Single by Seether

from the album Isolate and Medicate
- Released: 28 April 2015
- Recorded: 2013–2014
- Genre: Alternative rock; post-grunge;
- Length: 3:18
- Label: Bicycle
- Songwriters: Shaun Morgan; Dale Stewart; John Humphrey;
- Producer: Brendan O'Brien

Seether singles chronology
| "Same Damn Life" (2014) | "Nobody Praying for Me" (2015) | "Save Today" (2015) |

Music video
- "Nobody Praying for Me" on YouTube

= Nobody Praying for Me =

"Nobody Praying for Me" is a song by South African rock band Seether. It was released on 28 April 2015 as the third single from their sixth studio album Isolate and Medicate.

On June 30, Seether released an interactive set of music videos for their single, "Nobody Praying for Me", which centered on perspective when it comes to discrimination and police. Frontman Shaun Morgan said of the video that "our goal in creating this video is for people to educate themselves and make an informed decision on their own, rather than being told by any media outlet saying, this is what you should be thinking, this is what is right. The whole point is to try to shift the way we look at things and to not always leap to our pre-conceived conclusions, which is mostly racially and profile-based, because that's what we get fed all the time. I've been guilty of it too. It's very unfortunate, and it's getting worse instead of better".

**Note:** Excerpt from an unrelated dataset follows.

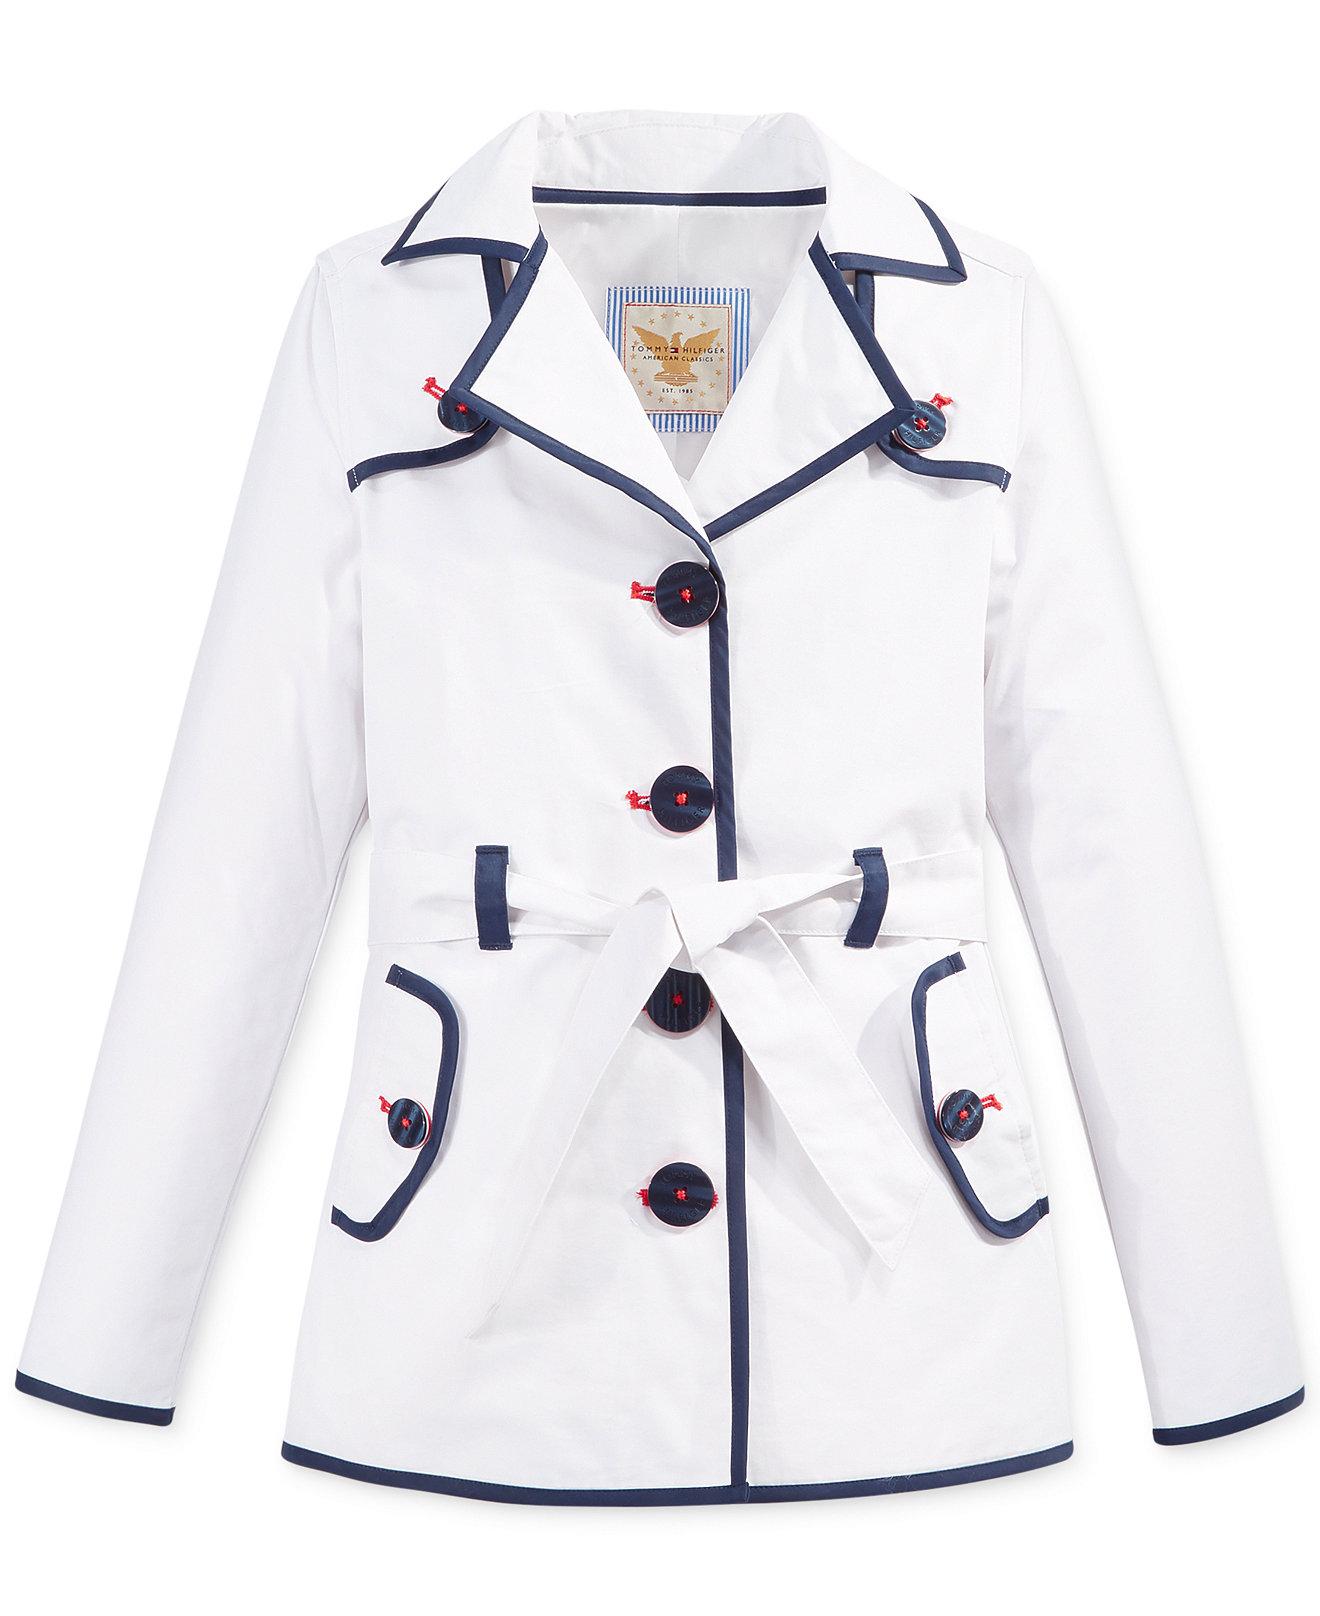 детское пальто OTHER 2015 Tommy Hilfiger детское пальто other 2015 0 4

The music video was directed by Sherif Higazy.

"Nobody Praying for Me" has garnered criticism due to similarities with the song "Daisy" by Brand New in their syllabic patterns and lyrical formulas. Morgan had previously listed Daisy as one of his five favorite albums and Brand New as one of his favorite bands.

== Charts ==

| Chart (2015) | Peak position |
|---|---|
| Canada Rock (Billboard) | 37 |
| US Hot Rock & Alternative Songs (Billboard) | 39 |
| US Rock & Alternative Airplay (Billboard) | 29 |

==Certifications==

| Region | Certification | Certified units/sales |
| United States (RIAA) | Platinum | 1,000,000^{‡} |
^{‡} Sales+streaming figures based on certification alone.